Fatal Conceit | Justin Logan and Christopher Preble | Cato Institute: Commentary: "In the nearly 15 years since the Dayton Accord was signed, Bosnia has been the site of the largest state-building project on earth. On a per capita basis, the multinational project there has dwarfed even the post — World War II efforts in Germany and Japan. Tiny Kosovo received higher per capita expenditure. Yet, as political scientists Patrice McMahon and Jon Western warned in Foreign Affairs last year, Bosnia 'now stands on the brink of collapse' — partly as a consequence of persistent ethnic cleavages and the inherent difficulty of state building. McMahon and Western — who support additional efforts in Bosnia to prevent a collapse — warn that Bosnia has gone from being 'the poster child for international reconstruction efforts' to being a cautionary tale about the limits of even very well-funded and focused efforts at state building.

Similarly, in surveying conditions in Bosnia and Kosovo, Gordon Bardos of Columbia University recently concluded that "it is becoming increasingly difficult to argue that we have the intellectual, political, or financial wherewithal to transform the political cultures of other countries" at an acceptable cost. If Bosnia and Kosovo — European countries less rugged than Afghanistan, and with, respectively, one-sixth and one-twelfth of its population — represent the case for optimism in Afghanistan, then the case for gloom is strong."
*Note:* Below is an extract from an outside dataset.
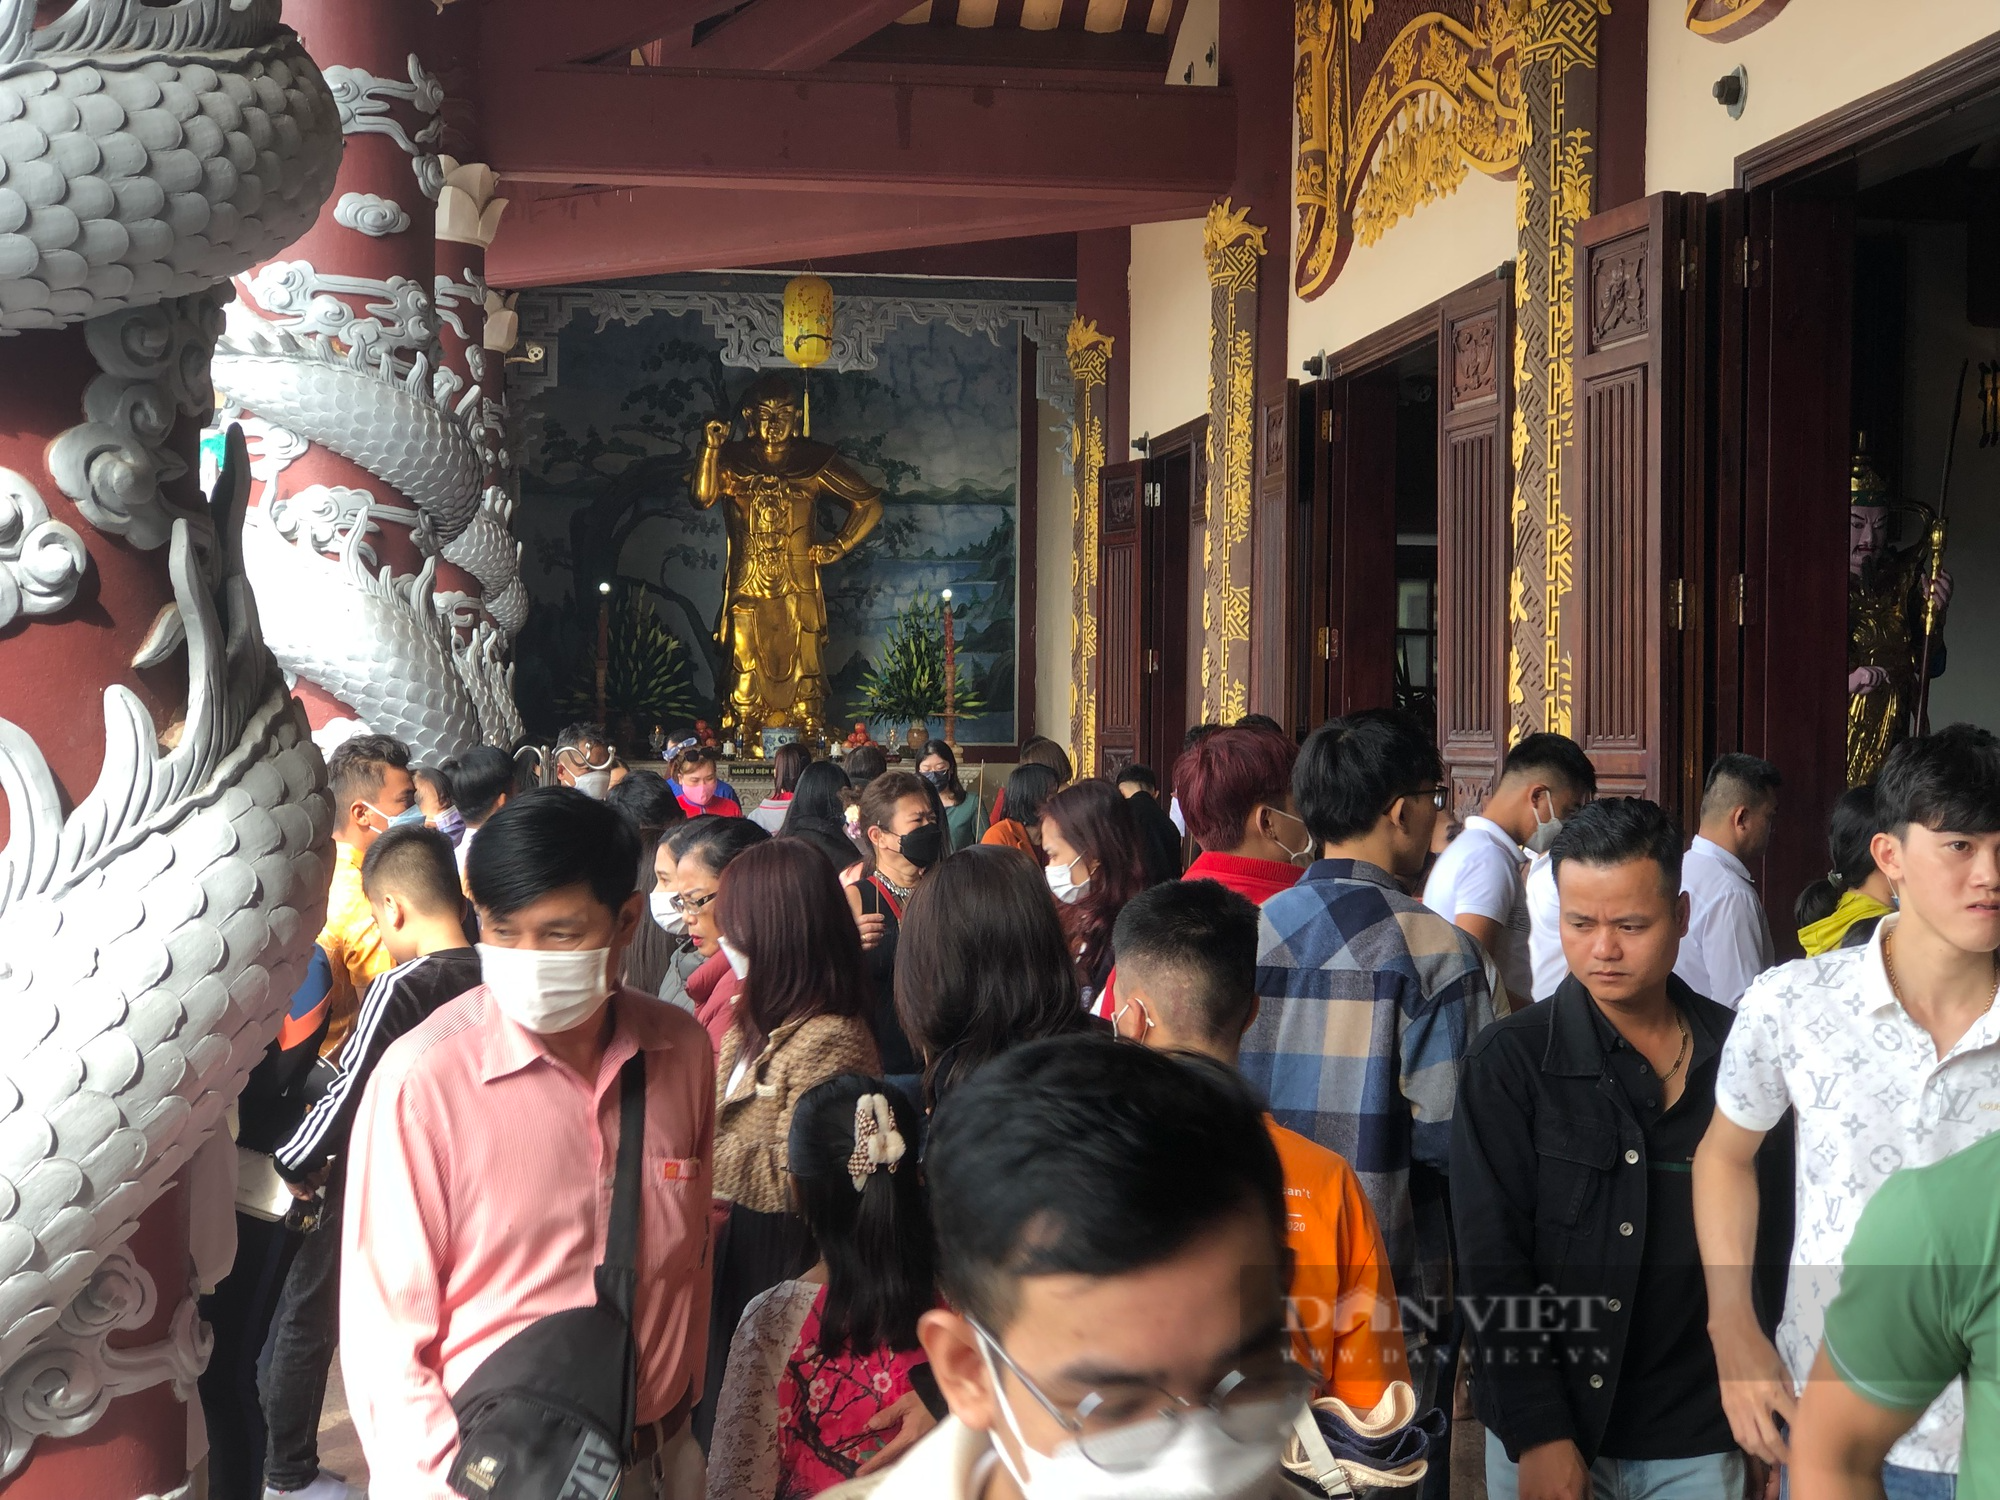 Mùng 1 Tết, hàng nghìn người đổ về chùa Linh Ứng Đà Nẵng cầu an - Ảnh 1.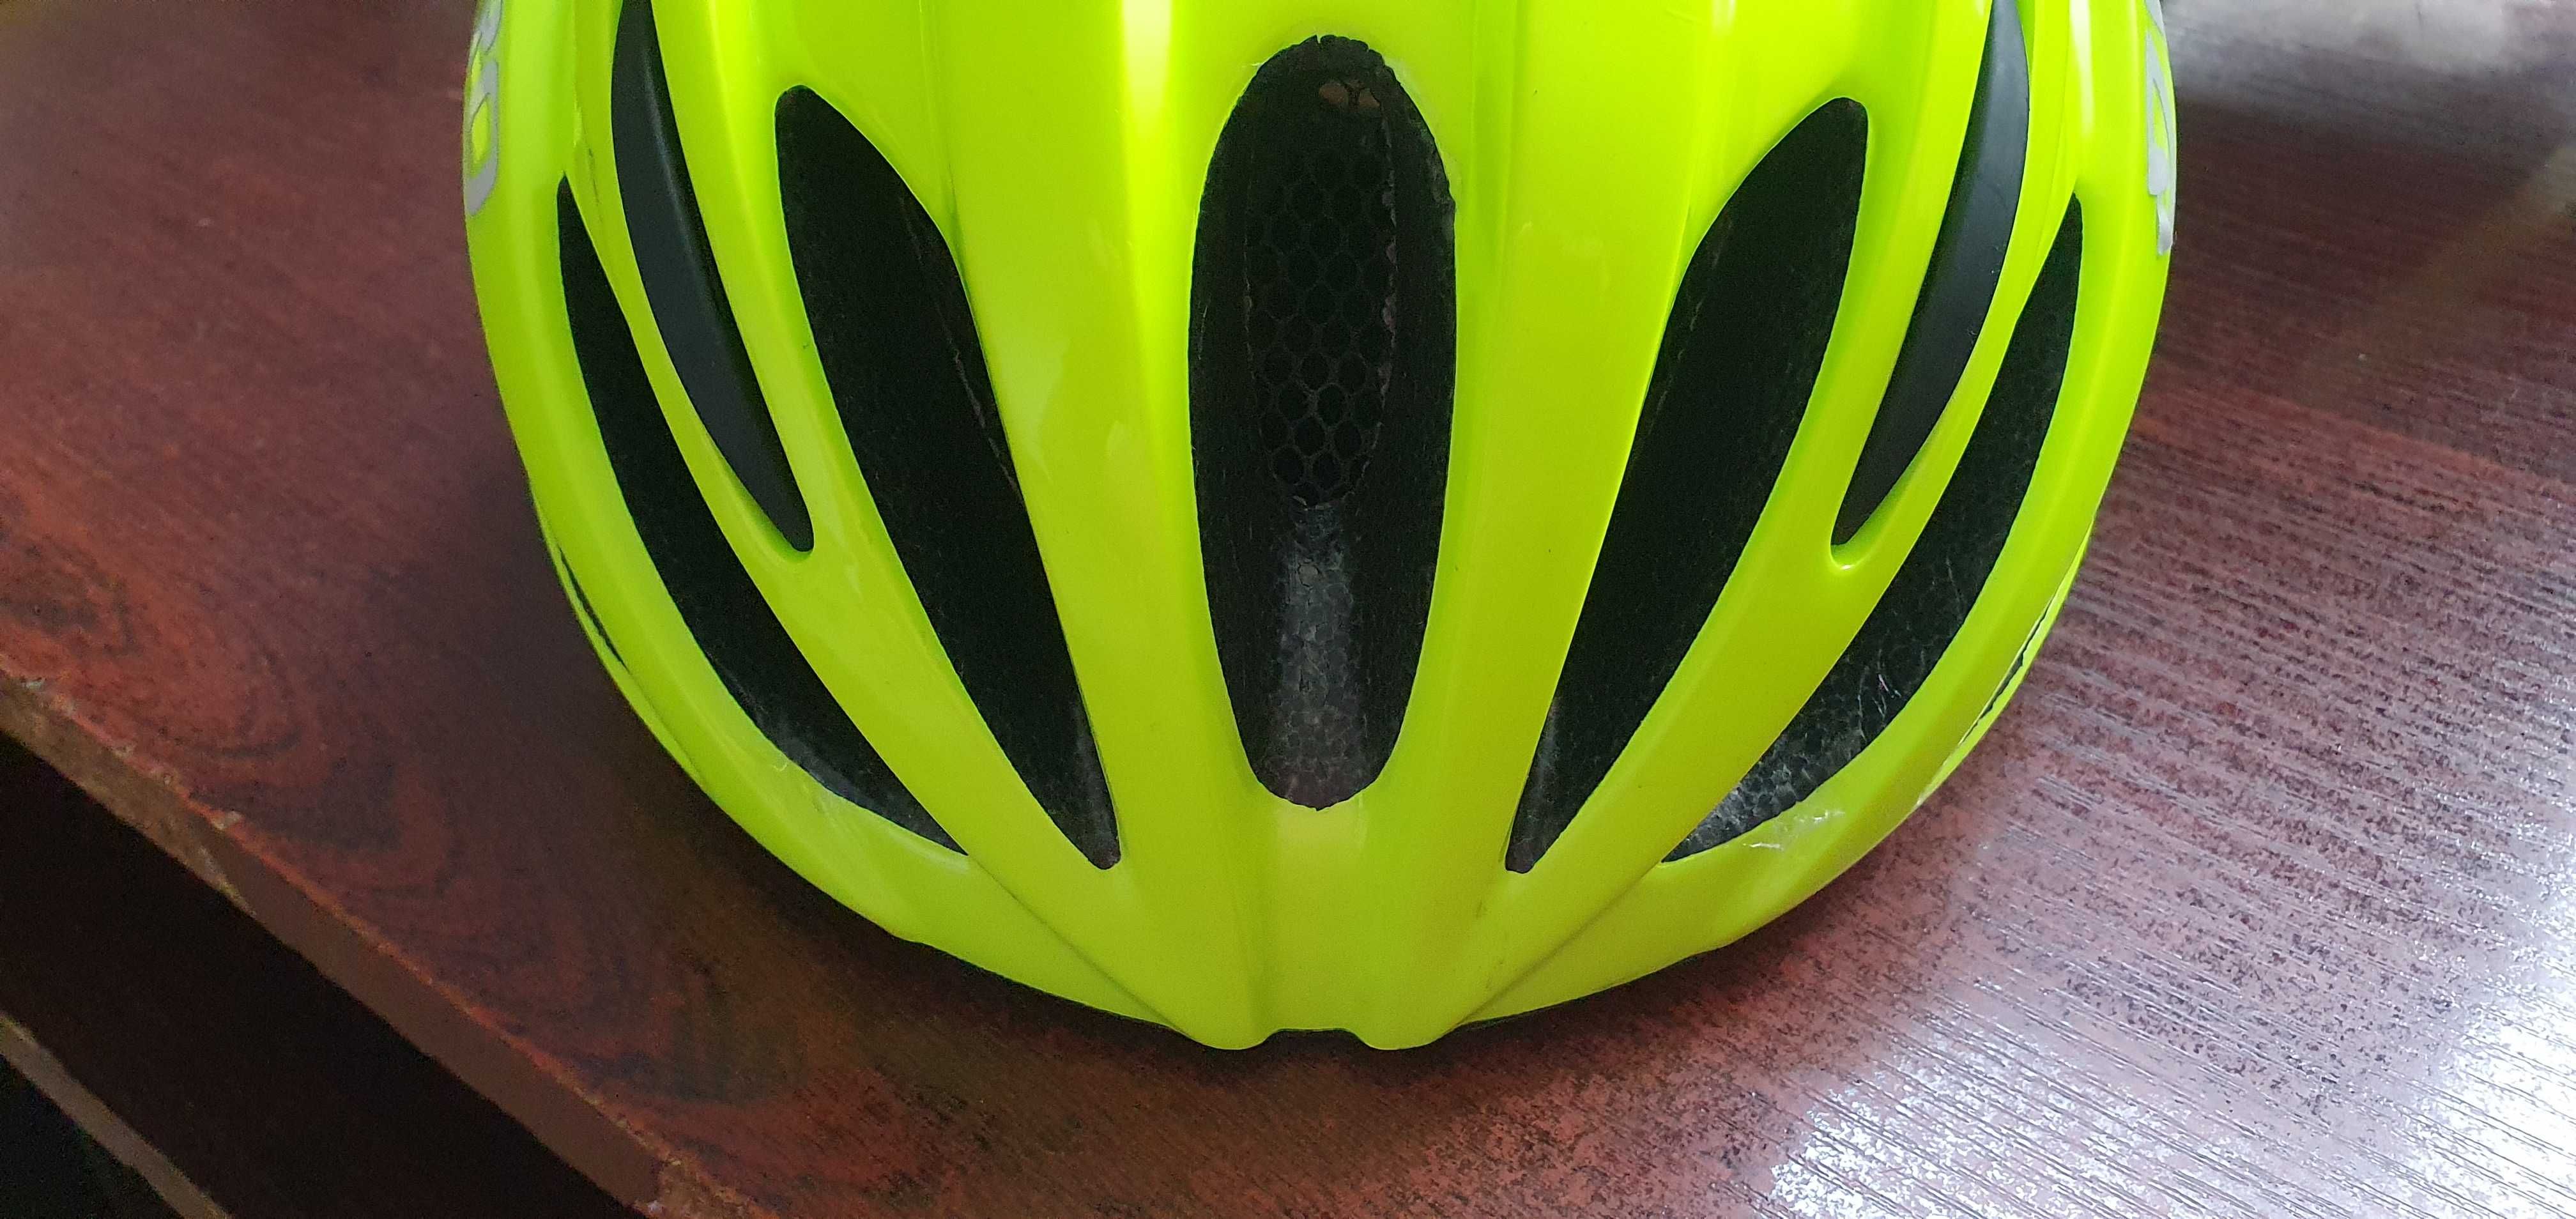 Kask  rowerowy Giro  szosa 54-61 żółty  314g

"Consider the following counterfactual: If everything in Afghanistan were the same today, except the U.S. did not have a large military footprint there, would anyone propose deploying 100,000 servicemen and -women to build the Afghans a government? We should doubt whether the government-building project is likely to succeed. There is little precedent for successful state building on this scale; and there are especially strong centrifugal forces in Afghanistan, including rampant illiteracy, the country's position as a plaything of regional powers (India and Pakistan), powerful identity politics, and a xenophobic culture. Unfortunately, the evidence suggests that Afghanistan simply is not far enough along in the historical processes that produced national states in the past."

"It is incoherent to believe that the same government that can produce neither jobs nor well-educated children at home can build viable states in foreign lands with unfamiliar languages, customs, and cultures. To oppose such projects at home while supporting them abroad defies the laws of economics and basic common sense."